Nothing draws the attention of publishers more quickly than customers who threaten to take their business elsewhere if something gets into print. Stakes are especially high if customers are major advertisers or prominent individuals.

Advertiser ultimatums and the resulting predicaments cannot be ignored, especially at small-town newspapers. Editors are right to weigh requests. But news decisions should be made within the context of underlying policies, and guidelines should be in writing. Owners and publishers must think of repercussions to the credibility of their products if news decisions are altered on the basis of who instead of what is the subject. Circumstances can prove especially challenging if customers have personal relationships with owners and publishers.

Newspapers have broad justification in printing certain stories that customers might pressure to have withheld. Confrontations between newsrooms and advertisers often are rooted in a poor understanding between the message and the messenger. Take, for example, a city council that suspended a store’s tobacco license for selling cigarettes to minors. The council was imposing the punishment; the newspaper was simply reporting the penalty.

Business news — good and bad

Nearly 50 employees would be out of jobs after an insurance company, with headquarters in another state, announced the closing of its local office. The newspaper learned of the decision from one of the workers and carried a report two days after the announcement. The parent company, when contacted by a reporter, grudgingly released information but never issued a press release.

In contrast, the same parent company met with local news staff when it originally purchased the hometown business. Management made it a point to speak with the newspaper the day of the announcement.

Everyone is eager to share what’s considered good news, but reluctant to talk about bad news. The same thing happens, naturally, with public officials. But there’s a major difference: State laws often guarantee the press access to government news — good and bad. The press does not have the same level of access to information on private business.

Restricted access, however, does not make such events any less newsworthy. Indeed, it’s arguable that news about employers has even greater meaning in smaller communities than some decisions coming from City Hall. After all, it’s news about friends and neighbors.
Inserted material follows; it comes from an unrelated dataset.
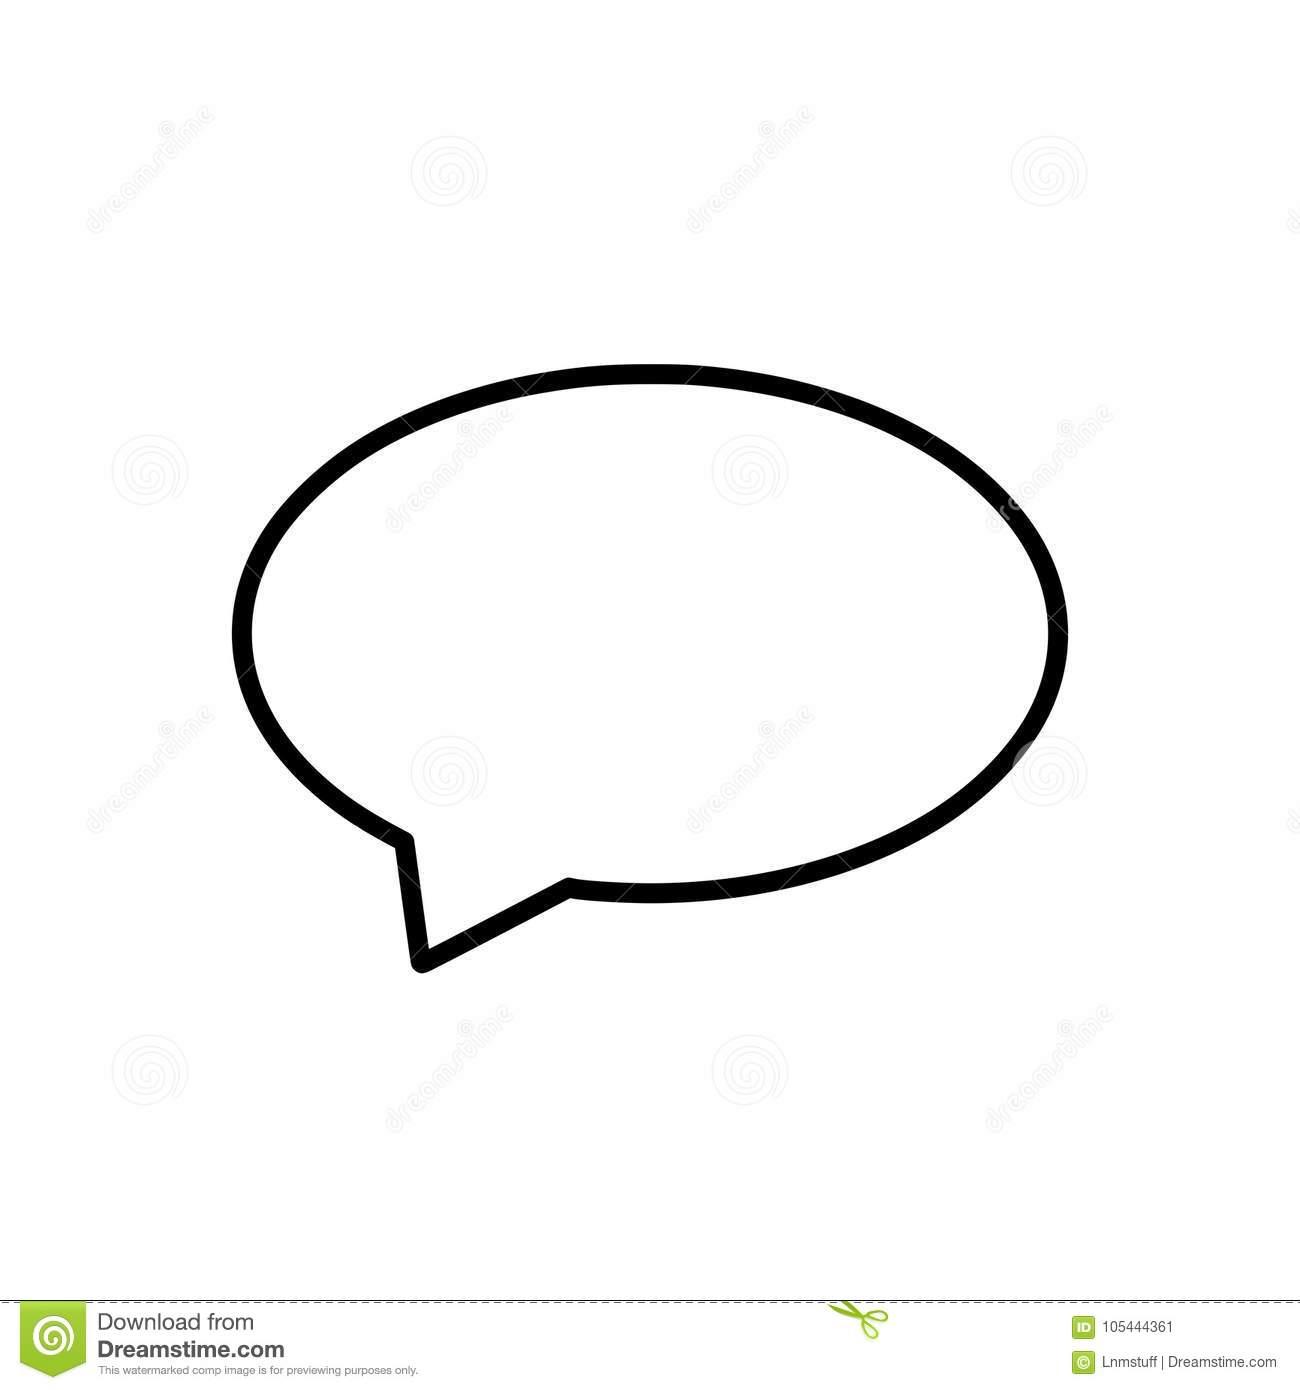 Dialog callout shape.

Business start-ups, acquisitions and expansions, promotions and labor strikes are news. Some events will reflect positively on businesses; others will not. It remains in the best interests of companies to be forthcoming on both counts. Businesses willing to share bad news will find newspapers much more willing to listen when they pitch good news, too.

Newspapers also can benefit by sharing the responsibility of communication. Editors will have better luck prying bad news from a company if they have cultivated solid coverage of local business. That is, don’t expect cooperation from business owners if the only time they are contacted is when a story might reflect poorly on their company.

Labor strikes, contracts

Work stoppages, especially at major employers, can be terribly divisive and disruptive to communities. Negotiation of new contracts can be equally noteworthy. Both pose challenges for coverage.

Pickets make strikes visible events, but that does not guarantee easy access to information. Union representatives and striking workers have a propensity to volley charges and talk openly against management. In contrast, management often is reluctant to say much of anything, and often is constrained by labor laws. Reporters must flush out the facts, identifying those points where the two sides agree and disagree.

Communities also can be on watch when major employers negotiate new contracts, even without a threat of work stoppage. Resolution of new contracts is newsworthy. Specifics of the settlement can be a barometer for other looming wage negotiations.

No laws require that private companies release salary information, and many businesses keep details private for competitive reasons. Newspapers can compromise by presenting an overview of contracts including such standard information as percentage increase in wages. It usually is to employers’ advantage to release something. Rumors often fly about what’s transpiring at the bargaining table, even when talks are progressing relatively smoothly. Stating the facts can put issues to rest.

News versus advertising

A restaurant gets new owners. That’s news. The same restaurant issues a press release about the popularity of its special home-made soup. That’s an ad.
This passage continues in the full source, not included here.